▸ **Exercise directions**: When you reach the line below that has "Versace Medusa biggie", start returning lines exactly, and stop after the line that has "PIVOTS in Vegas T-Shirt"; skip the pictures.

▸ **Study material**:

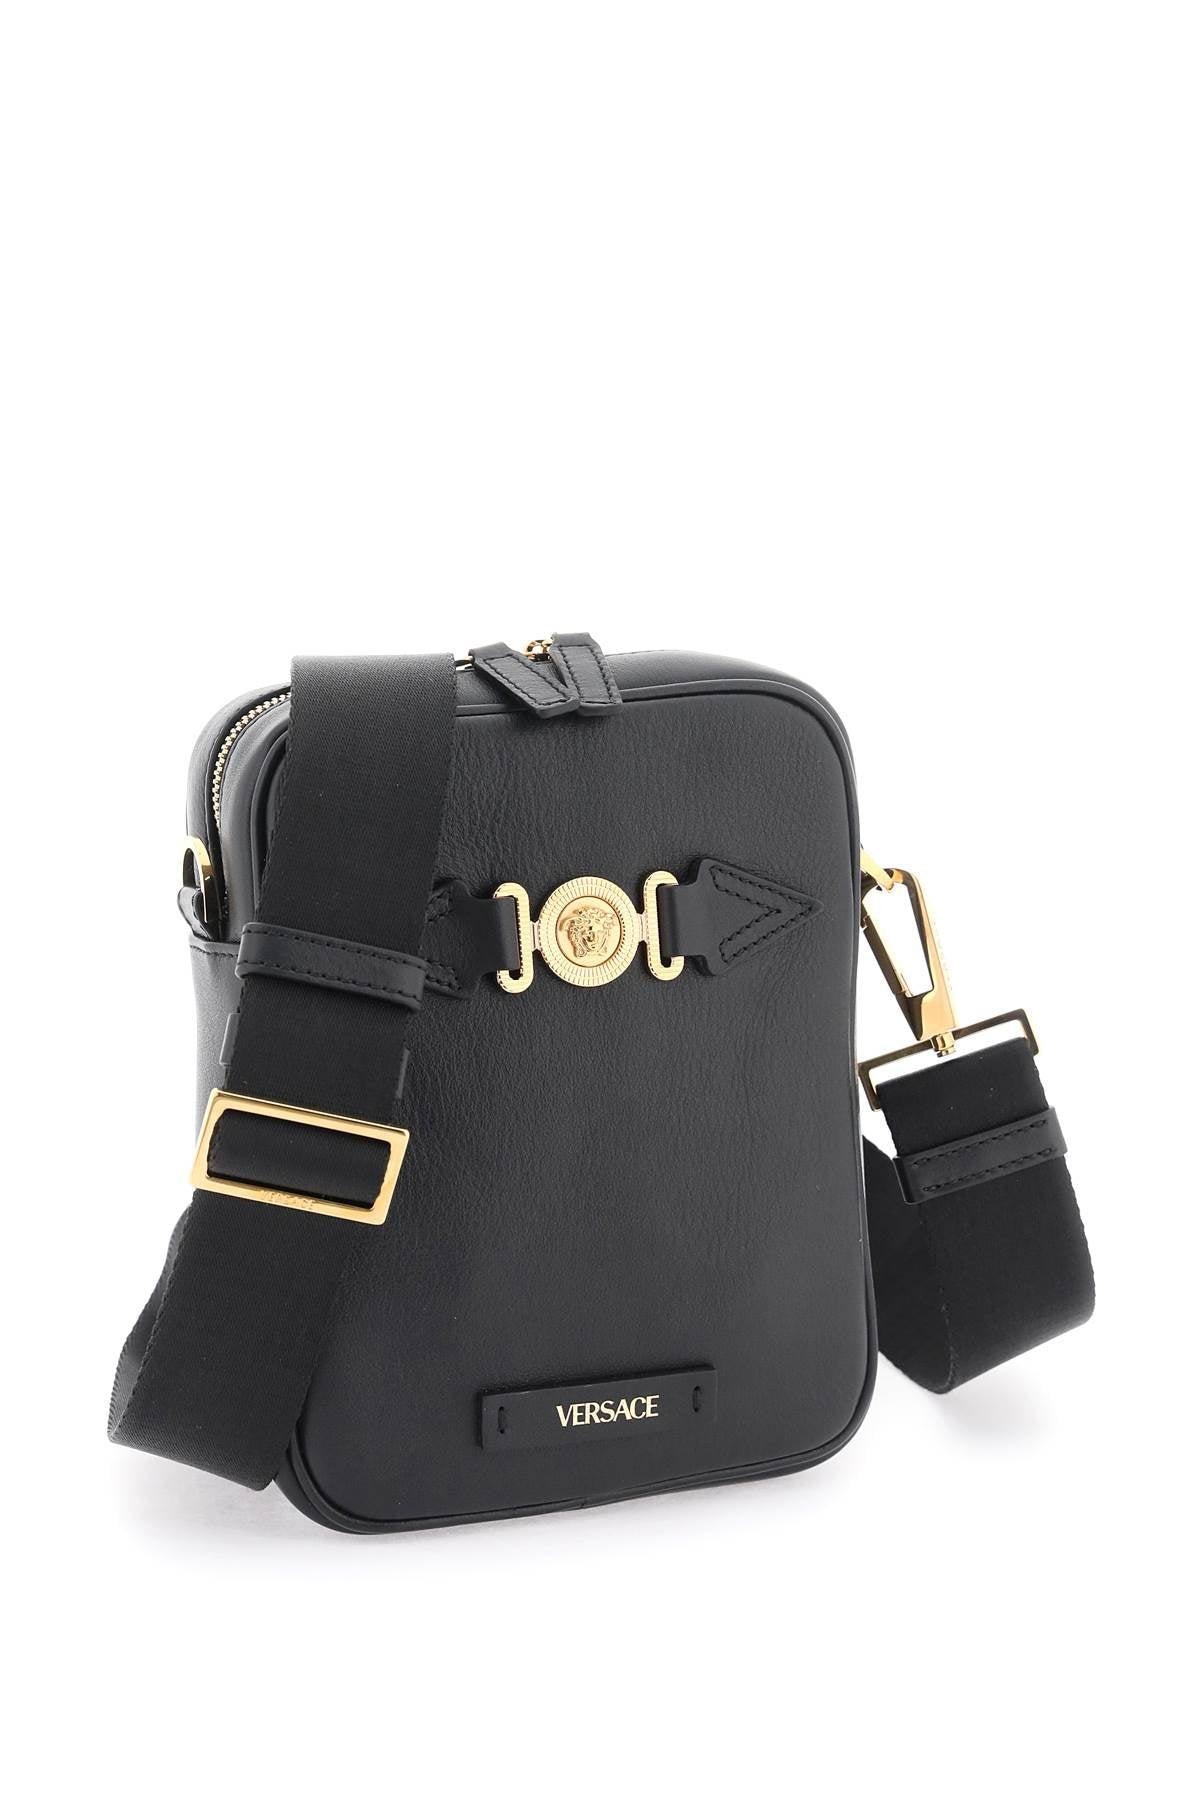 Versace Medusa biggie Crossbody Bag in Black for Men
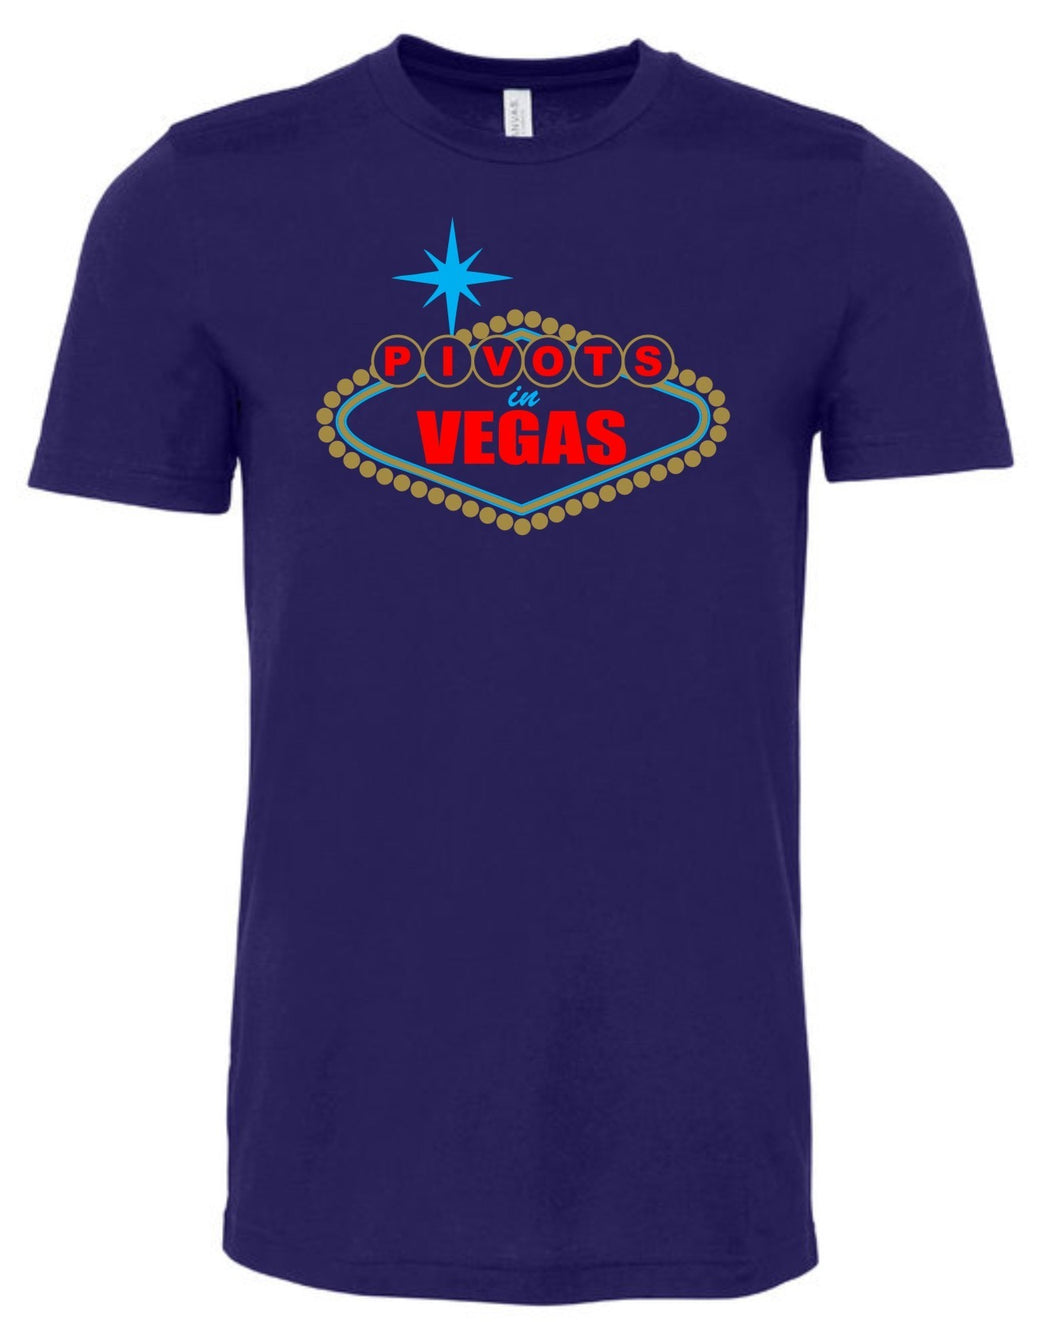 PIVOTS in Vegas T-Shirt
---
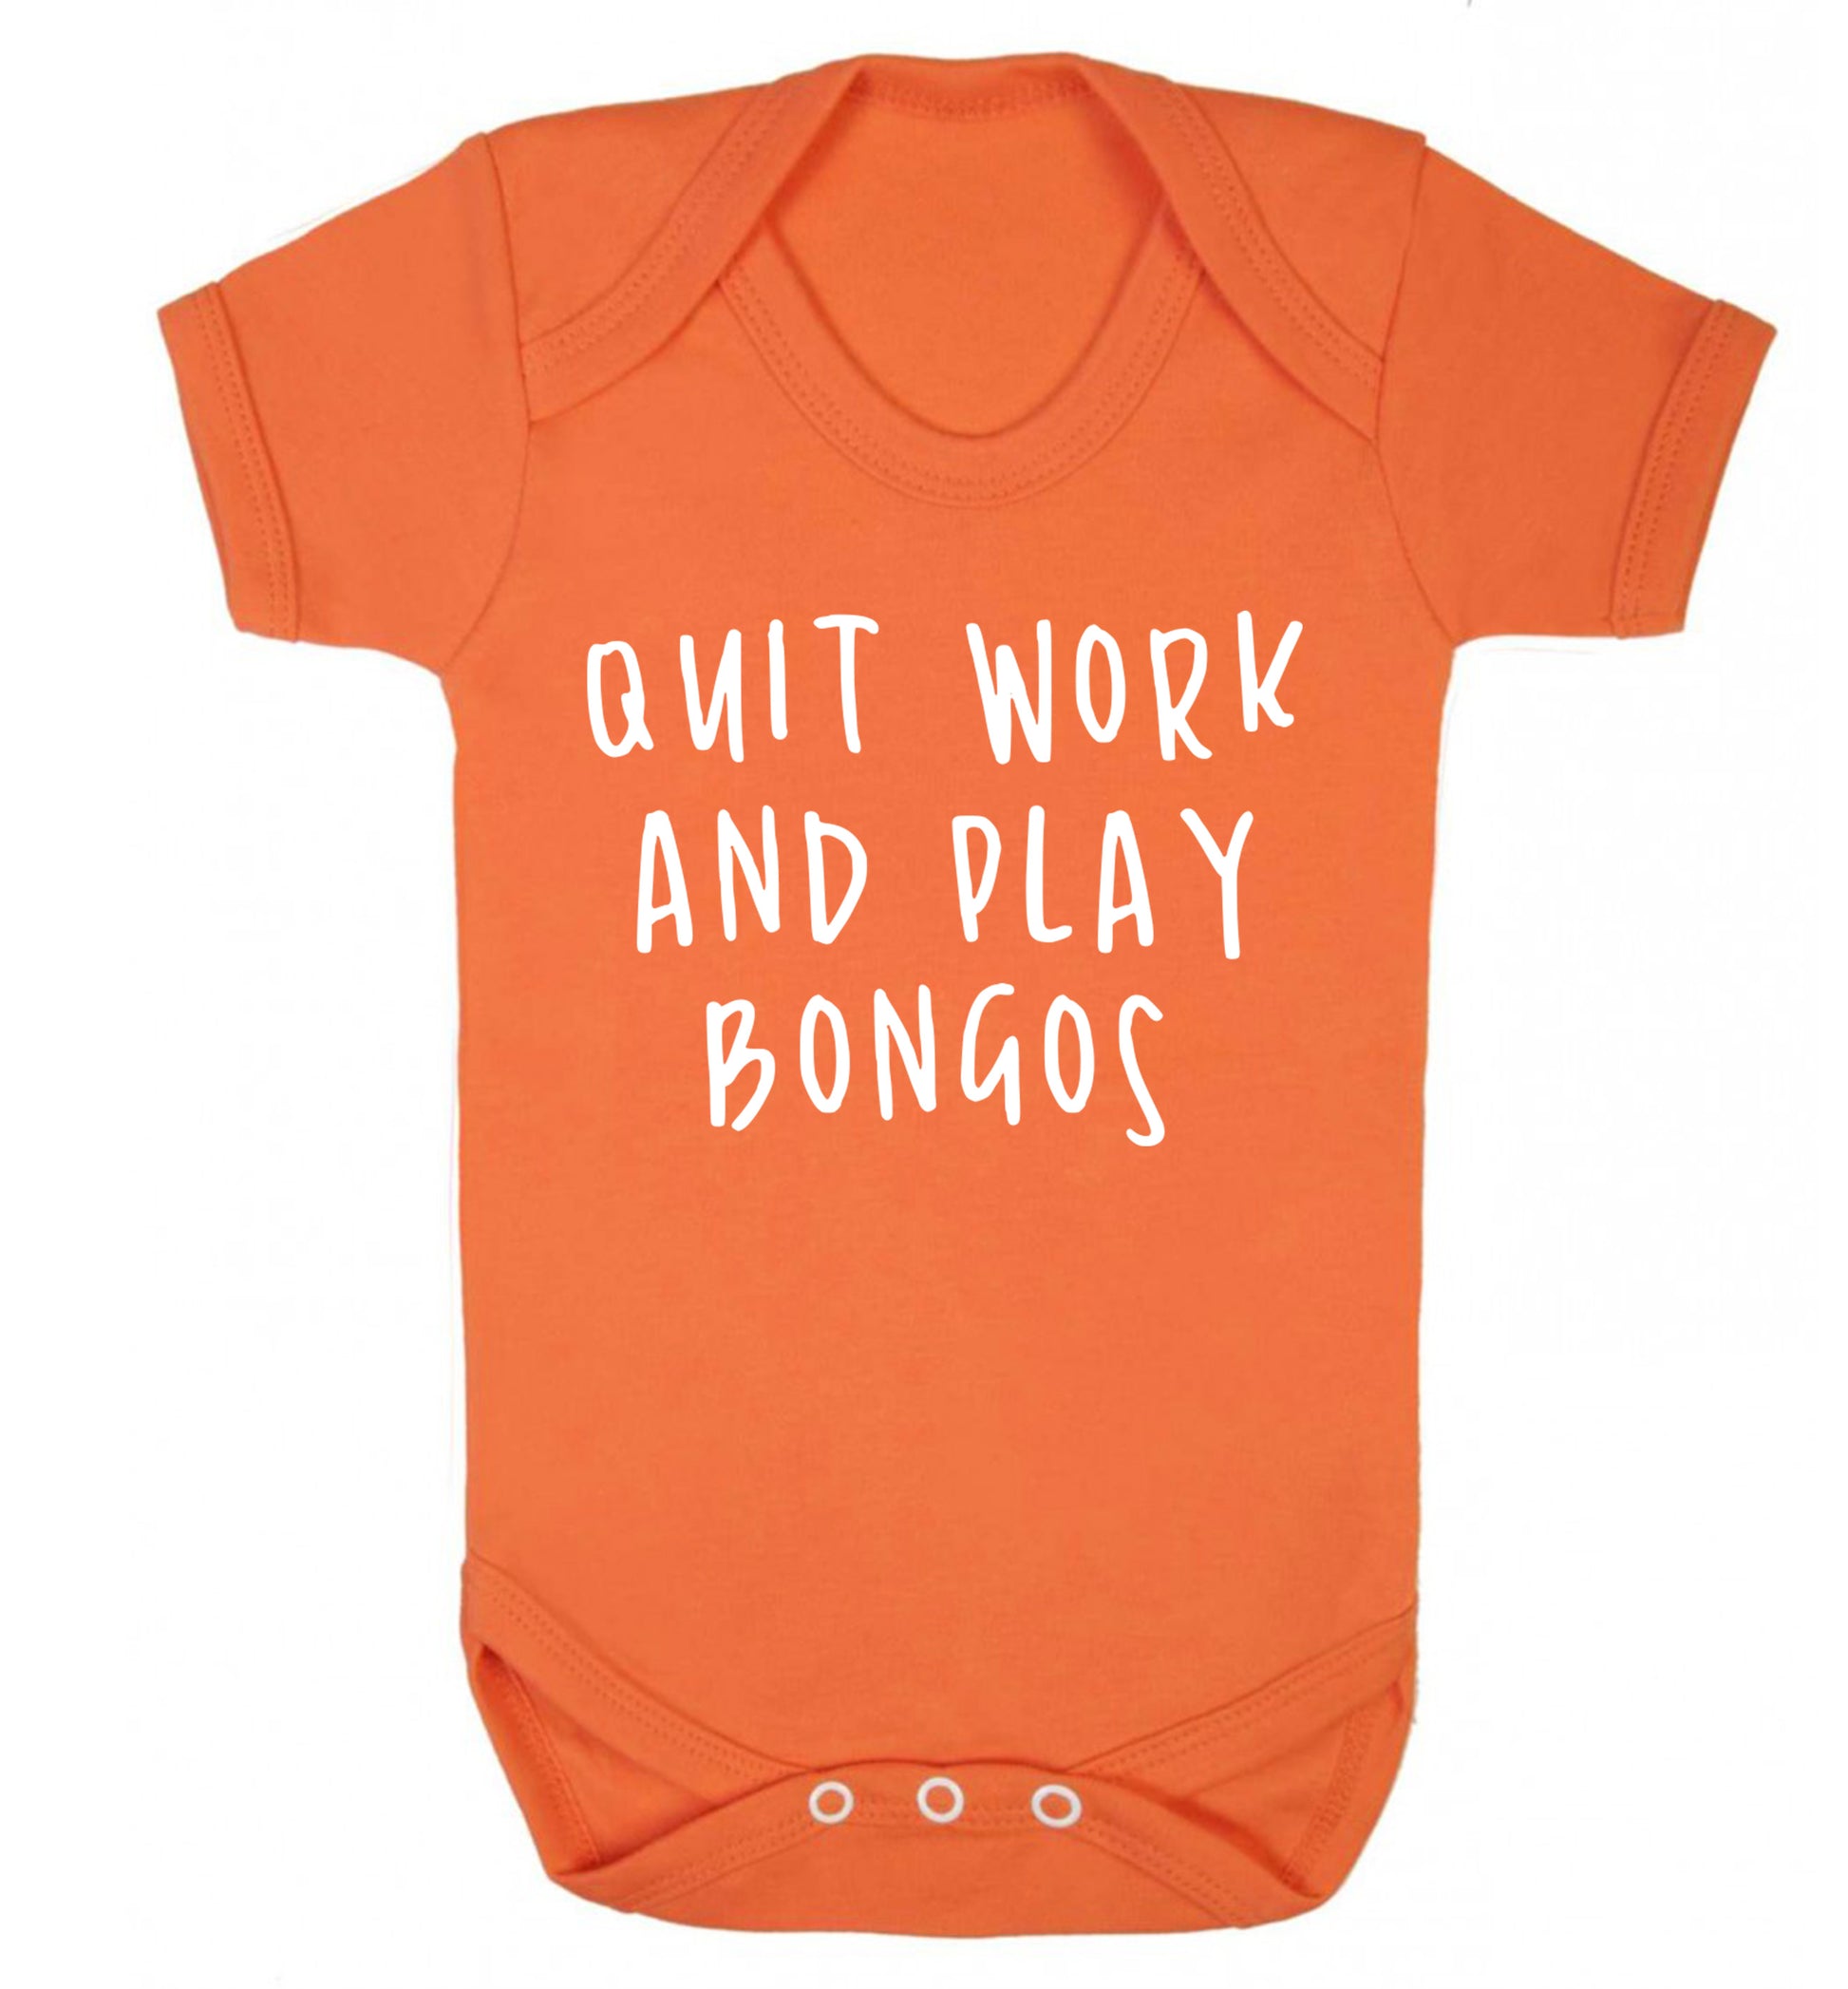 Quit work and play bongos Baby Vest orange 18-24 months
---
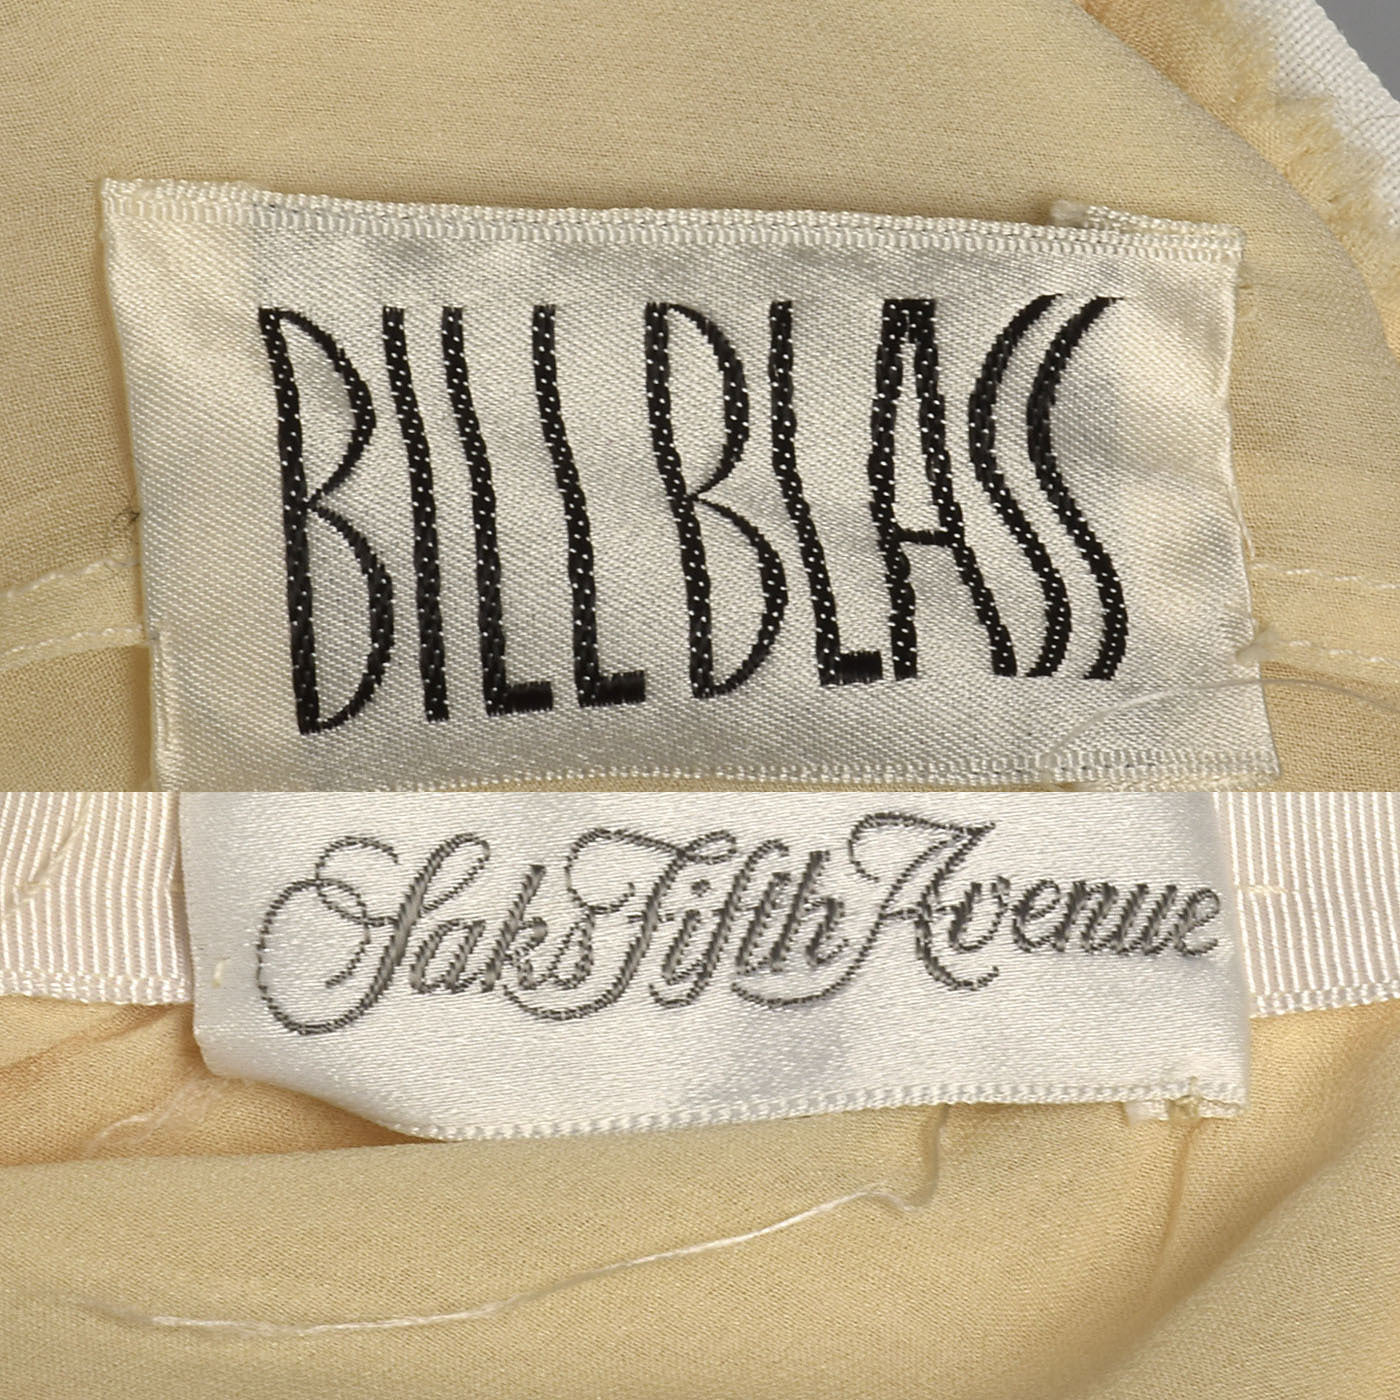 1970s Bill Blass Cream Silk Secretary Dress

▸ **Solution for this exercise**:
 Versace Medusa biggie Crossbody Bag in Black for Men
 PIVOTS in Vegas T-Shirt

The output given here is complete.